**** Given information ****

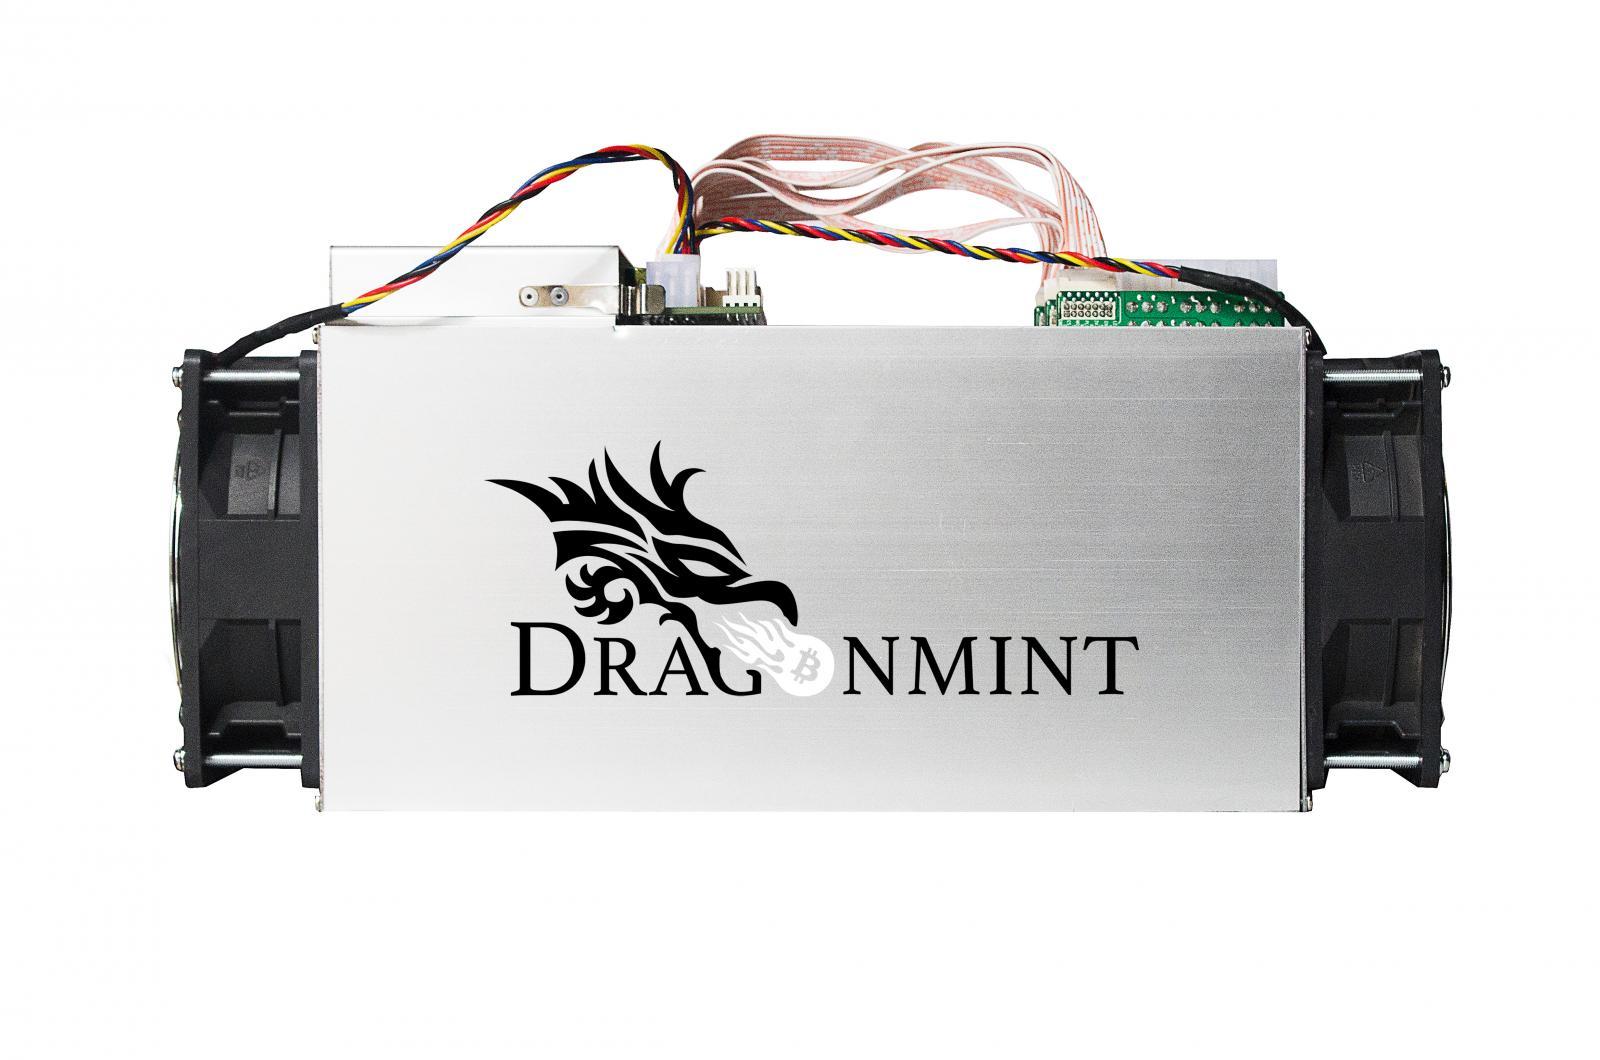 DRAGONMINT X2 MINER 248KH/S
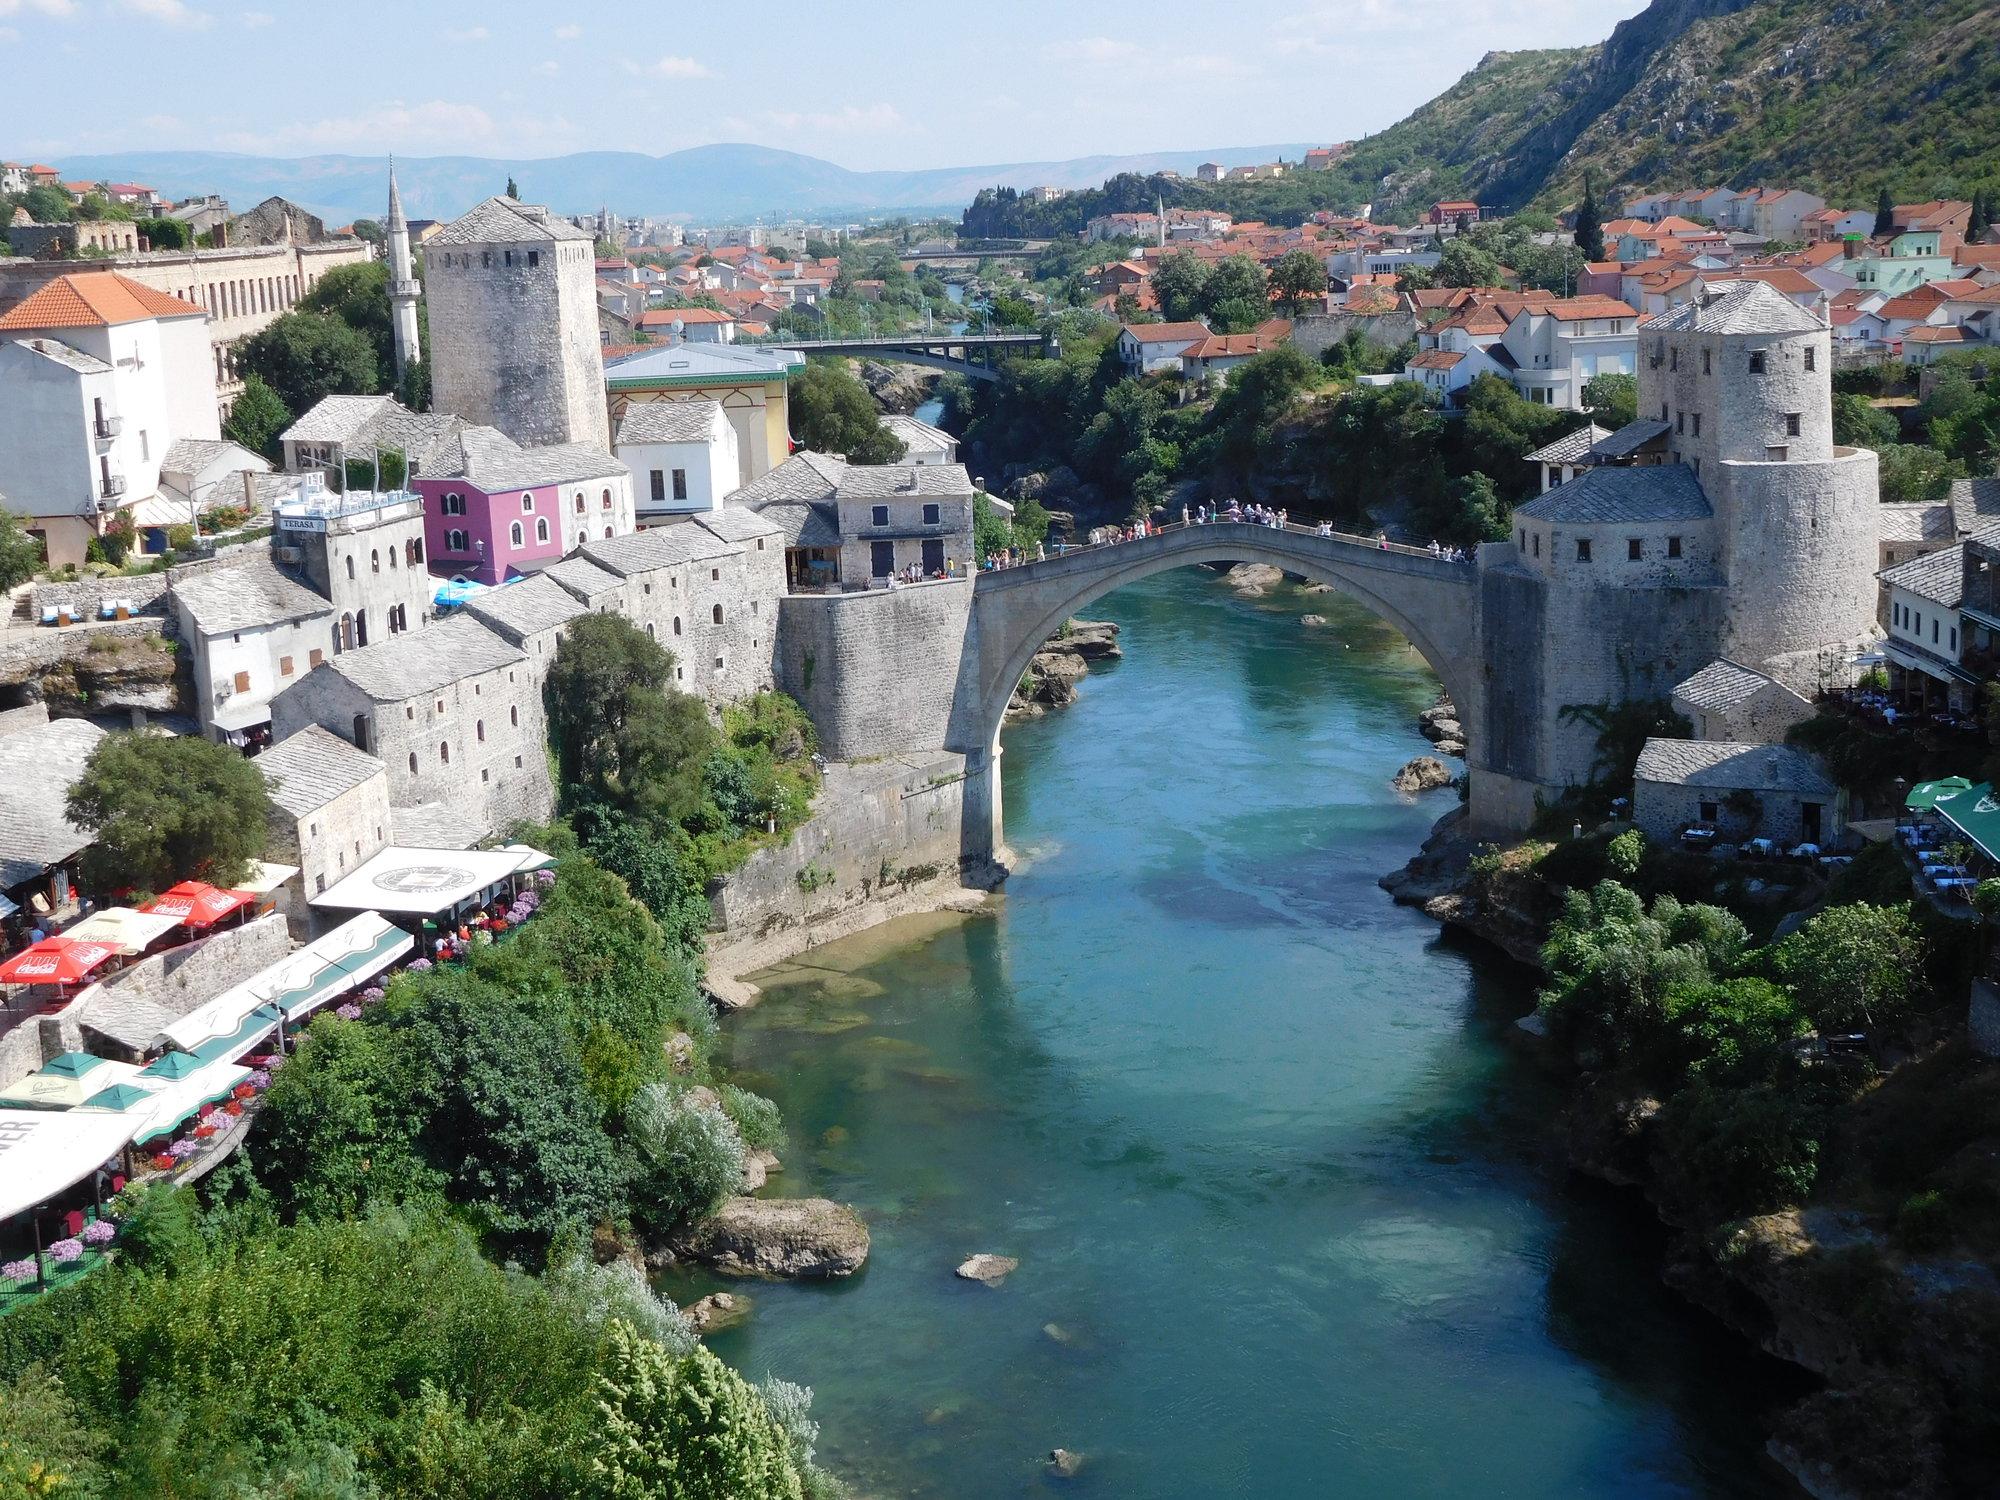 вид из Мечети Коски Мехмед-паши, Старый мост и реку Неретву
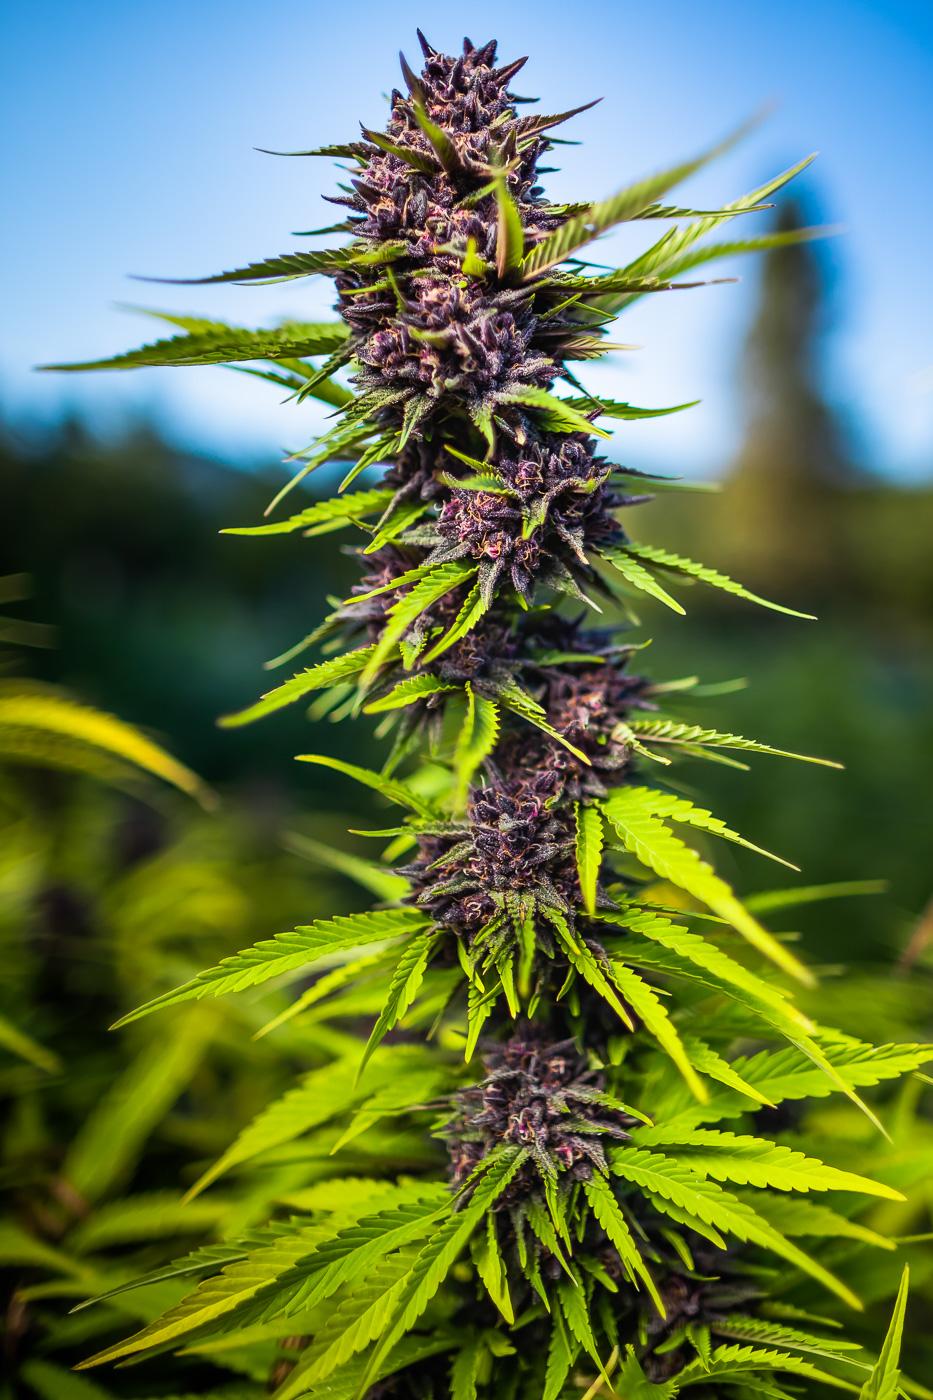 KAMIKAZE KISH - total CaNNABINOIDS - 18.2%THC - 15.29%TERPENES - 4.067%
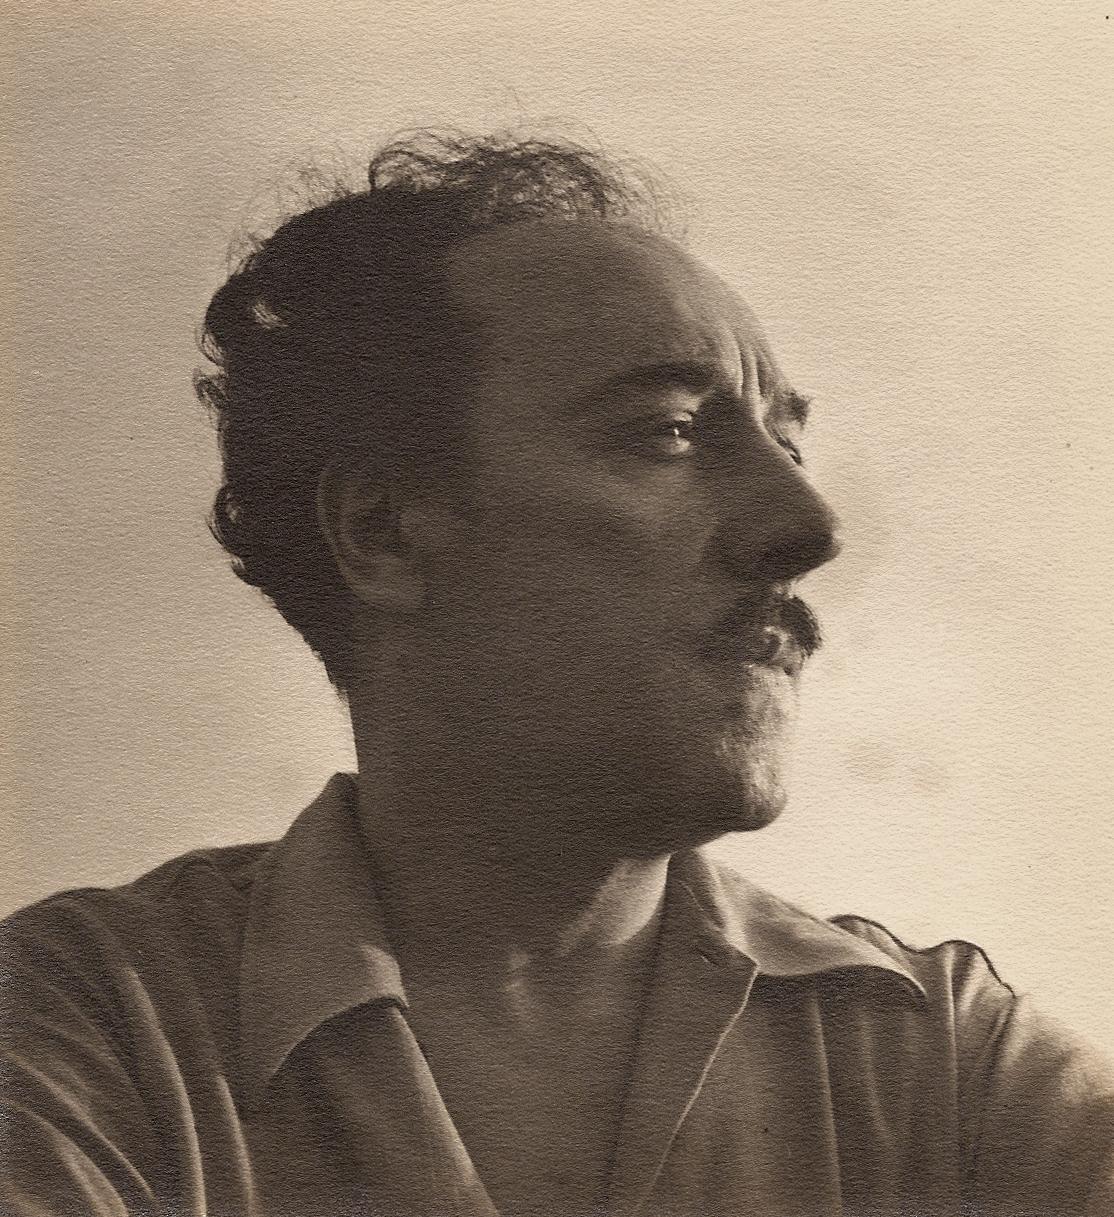 BORISLAV BOGDANOVICH 1899 - 1970

****

*Exercise details*: Go through the data and return every word of it verbatim, leaving out the pictures.

*Exercise output*:
 DRAGONMINT X2 MINER 248KH/S
 вид из Мечети Коски Мехмед-паши, Старый мост и реку Неретву
 KAMIKAZE KISH - total CaNNABINOIDS - 18.2%THC - 15.29%TERPENES - 4.067%
 BORISLAV BOGDANOVICH 1899 - 1970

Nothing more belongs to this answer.